First, we choose the size of S[0] = n. It means all of the n features will be used to construct instances. Using the formula of combination, we can get

C_{n}^{n}

= 1 instance. Under this circumstance, we do not do feature selection, and just input the raw samples to train both a Random Forest model (RF) and an ExtraTree model (ET). Two class vectors with m dims will be generated from the two tree-based models. By concatenating all the class vectors together, a long vector containing probabilistic information is finally transformed. The long feature sequence will not only be considered as the input of cascade forest, but also the prediction of Multi-Grained Traversing to calculate the cross-entropy loss L[0]. Afterwards, we will add the size of S[1] = n/2 and get

C_{n}^{n / 2}

instances. Combining with the size of S[0], we will have

C_{n}^{n} + C_{n}^{n / 2}

instances in total. Repeating the operation above, a new cross-entropy loss L[1] will be obtained. If L[1] < L[0], the value of loss function decreases and S[1] should be kept. Otherwise, we will keep S[0] only to save training time. To sum up, the growth of selectors will stopped if there is no significant perfofmance gain. And the algorithm for the selectors adding strategy is demonstrated in Algorithm 1.

Algorithm 1:Selectors Adding Strategy

Input: Raw Input Features

Output: Final probabilistic vectors, number of selectors

1: procedure FUNCTION(Strategy)

2: Initialize

S = [n, n / 2, \sqrt{n}]

, i = 0.

3: for each size of selectors in S do

4: In selector i, size = S[i], create

C_{n}^{s [i]}

instances.

5: Concatenate all the instances produced before, the total number of instances is

\sum_{0}^{i} C_{n}^{s [i]}

.

6: Compute probabilistic vector T[i] using library function of RF and ET in scikit-learn.

7: Compute Loss L[i] using Equation (1)

8: if (i = 0 || L[i] < L[i − 1]) continue

9: else i = i − 1, break

10: end if

11: i = i +1

12: end for

13: return T[i], i + 1

14: end procedure.

Besides, we choose Random Forest and Extra-Trees as the basic classifiers in Multi-Grained Traversing. Random Forest can sample features with replacement to construct leaf nodes, which decreases the variance of the model. Extra-Trees is an extremely randomized random forest. The bifurcation values are completely randomized instead of selecting the features with the best bifurcation properties.

The purpose of introducing these two models is to increase model diversity and randomness. Figure 2 illustrates the dynamic implementation of multi-grained traversing.

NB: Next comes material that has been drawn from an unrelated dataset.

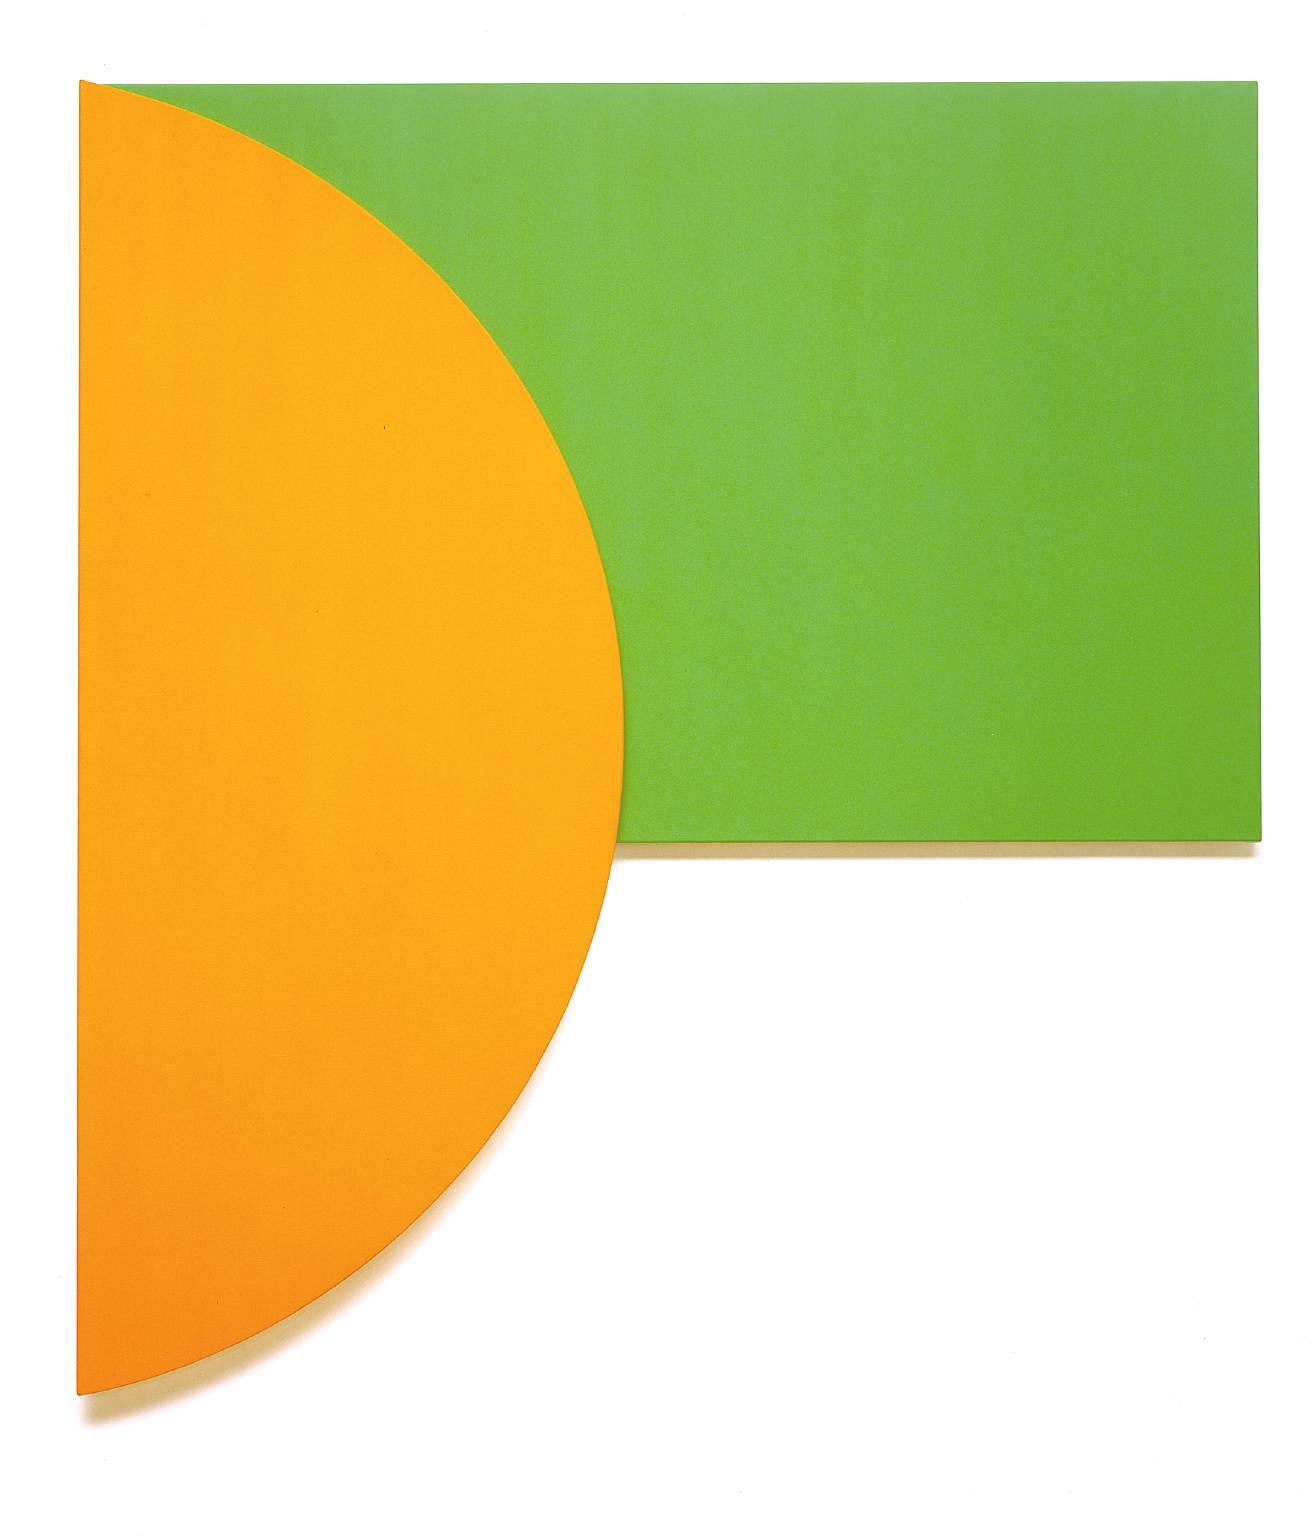 Ellsworth Kelly - Orange Relief with Green

Figure 2. The process of Multi-Grained Traversing.

3.2. The Cascade Forest

In recent years, the number of layers in deep neural networks become deeper and deeper. Although these deep models obtained stronger representation learning ability and high accuracy, they costed more time in model training due to the large scale of parameters. Therefore, we try to find an alternative, which can not only get rid of the structure of deep neural networks, but can still retain the representation learning ability. Inspired by this magical layer-by-layer structure in deep models, we used a cascade form of tree structure as shown in Figure 3. After receiving the probabilistic vectors passed from the Multi-Grained Traversing part, the processed feature instances will be sent to train XGBoost and LightGBM in each level. In every level of cascade forest, the input will be the concatenation of probabilistic information processed by its forward level and the initial input probabilistic vectors at the beginning, the processing results will be sent to the next level.

Figure 3. Illustration of the cascade forest structure.

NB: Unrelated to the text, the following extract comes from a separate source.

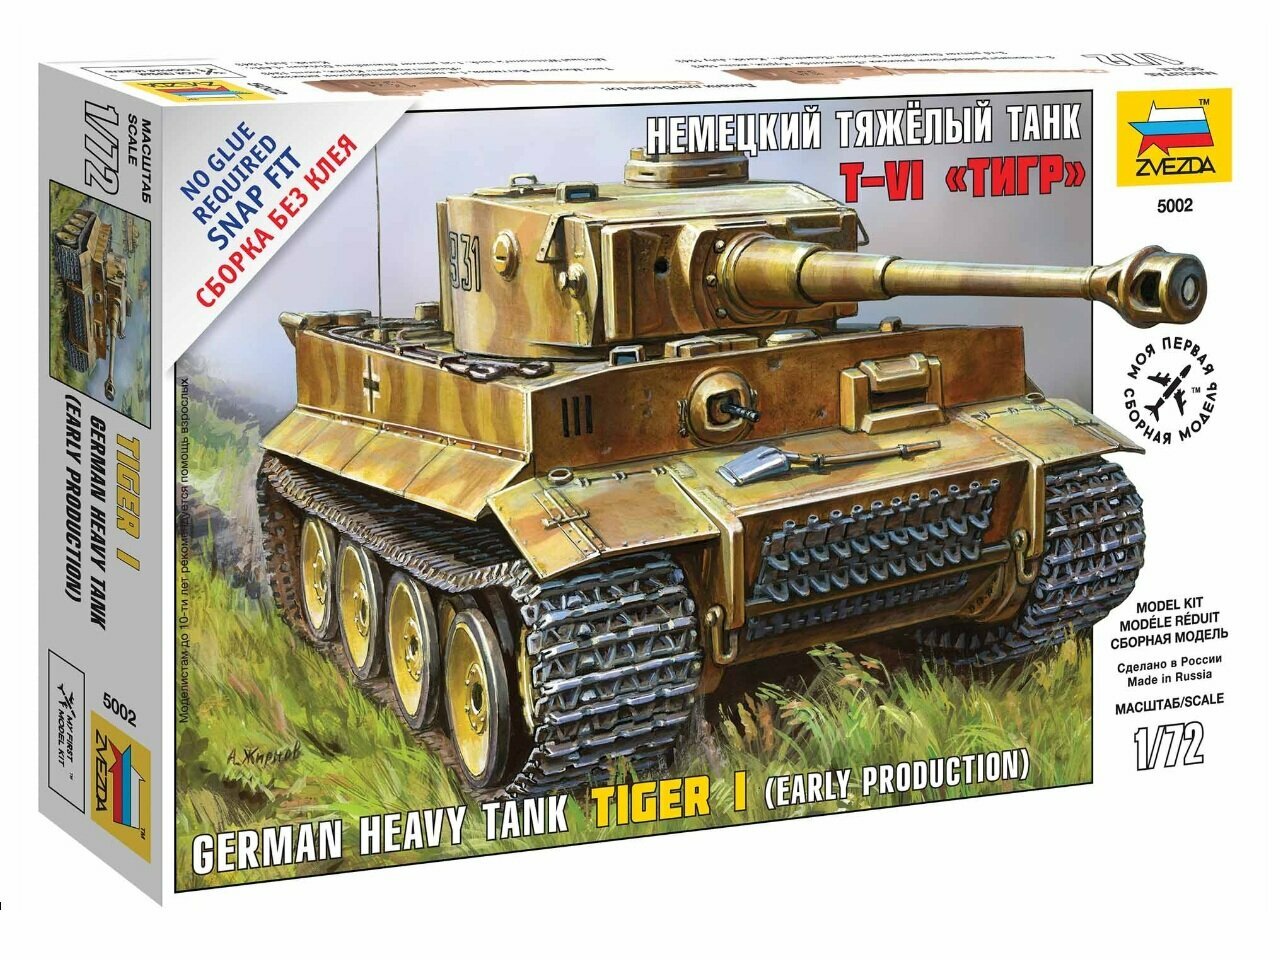 5002 Звезда Немецкий тяжелый танк T-VI "Тигр" Сборная модель (1:72)

In the same way, the number of cascaded levels is dynamically determined to reduce model complexity. If adding a new level can not improve the performance on validation set, then the growth of cascade levels will be removed. This operation takes an overall consideration on both the improvement of classification accuracy and the reduction of training time. It is worth saying that the dynamic selectors adding strategy and the dynamic level-growing strategy make it appropriate for various scales of data training. For a small-scale dataset, representation learning ability will be strengthened by the complete combination of features. And for a large-scale dataset, the number of selectors and cascade levels will be limited to speed up model training process.

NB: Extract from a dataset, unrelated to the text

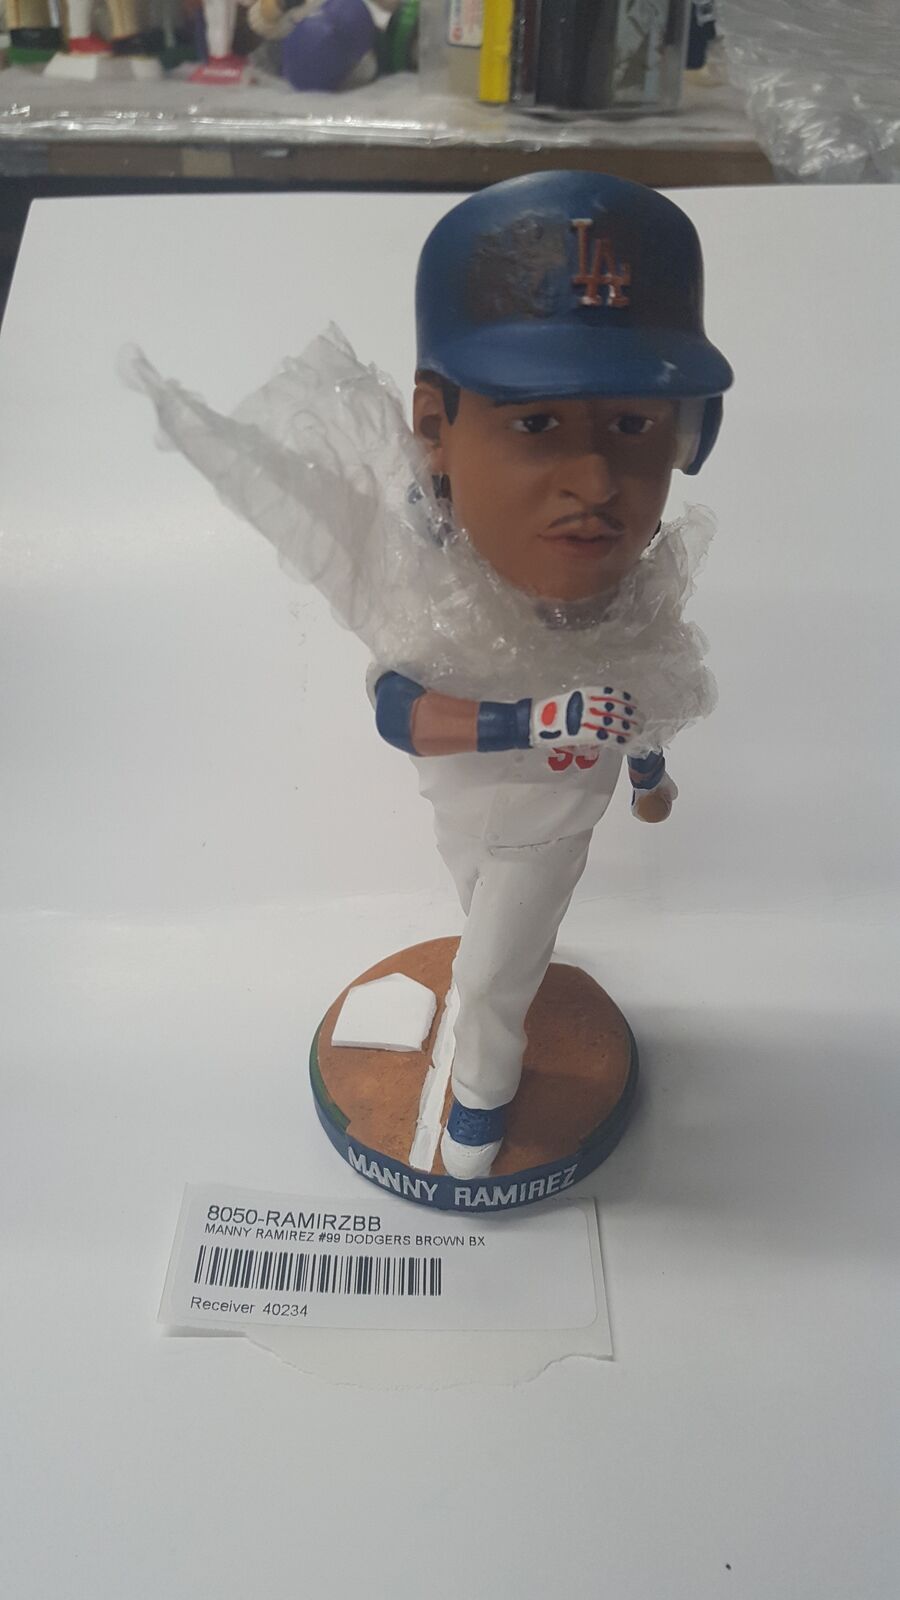 Manny Ramirez #99 Dodgers Brown Bx Bobblehead

Different from Multi-Grained Traversing, XGBoost and LightGBM were adopted as the basic classifiers in each cascade level. In the process of model training, a histogram algorithm used to improve training speed and efficiency, as well as reducing memory usage. In addition, sampling is performed using GOSS, which ensures that different sampling measures are taken depending on the data gradient.

The overall structure of Dynamic Deep Forest is shown in Figure 4. The number of selectors will be firstly determined according to the value of cross-entropy loss. Then, the probabilistic vector produced by Multi-Grained Traversing will be used as the input of Cascade Forest. After the level-by-level training process, linear regression is used to produce the final class vector rather than simply averaging across all the outputs of last level. The final class is the index who has the maximum value. In addition, we use the k-fold cross-validation method to reduce the risk of overfitting.

Figure 4. The overall procedure of dynamic deep forest.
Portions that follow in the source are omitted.